My first concert was Lollapalooza ’94. I can trace everything I love about music back to that day. George Clinton. Tribe. The Breeders. Pharcyde. Cypress. I was 12 and my cool older cousin had told me that she wanted to take me to a show. I loved the other acts on the bill, but the main attraction was the Beasties. They were amidst their Ill Communication prime and I’d taped their “Sabotage” video off Yo! MTV Raps and would religiously re-watch it in my room, jumping off imaginary rooftops, clutching phantom guns, and kicking in fake fences. I’d stare for hours at the cassette cover that always looked to me like John Belushi ordering from a drive-thru.
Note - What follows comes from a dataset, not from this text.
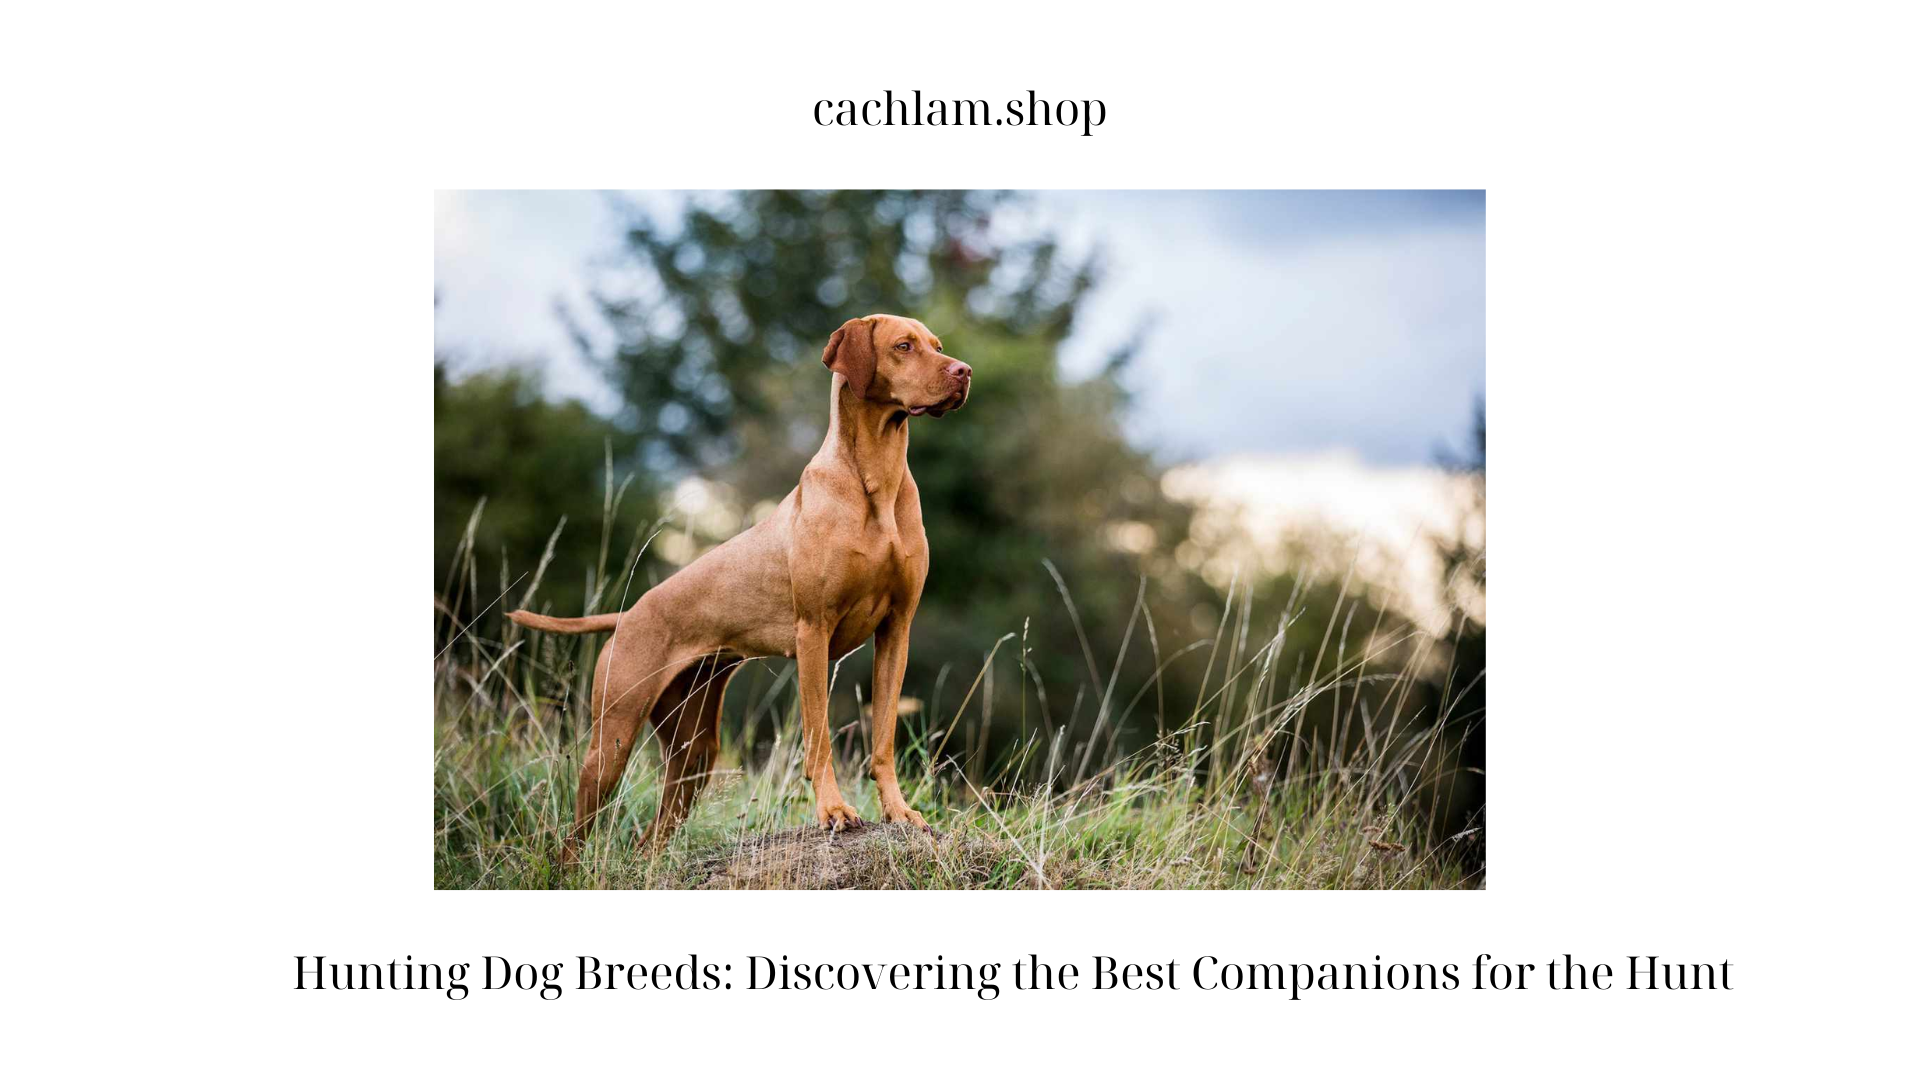 Hunting Dog Breeds: Discovering the Best Companions for the Hunt

Most of all, I’d scream the lyrics loudly, maybe too loudly.

But the brilliance of the Beastie Boys is that there was no such thing as too loud. Like no other group of their generation, they had down what it was like to be a teenager. Their sound was all id and outrage, absurdity and eye-rolling. They knew what it was like to be a total shithead, pissed off at the world and ready for retribution through acts overt and subtle. They made you want to buy liquor you weren’t nearly old enough to legally acquire, steal your parents cigarettes, buy a can of Krylon and spray paint the wall in the alley behind your apartment. So I did and I was so much the better for it. My parents might have disagreed, but parents never mattered in their world. Dad was a hypocrite who smoked two packs a day. Mom was just jealous. IT’S THE BEASTIE BOYS.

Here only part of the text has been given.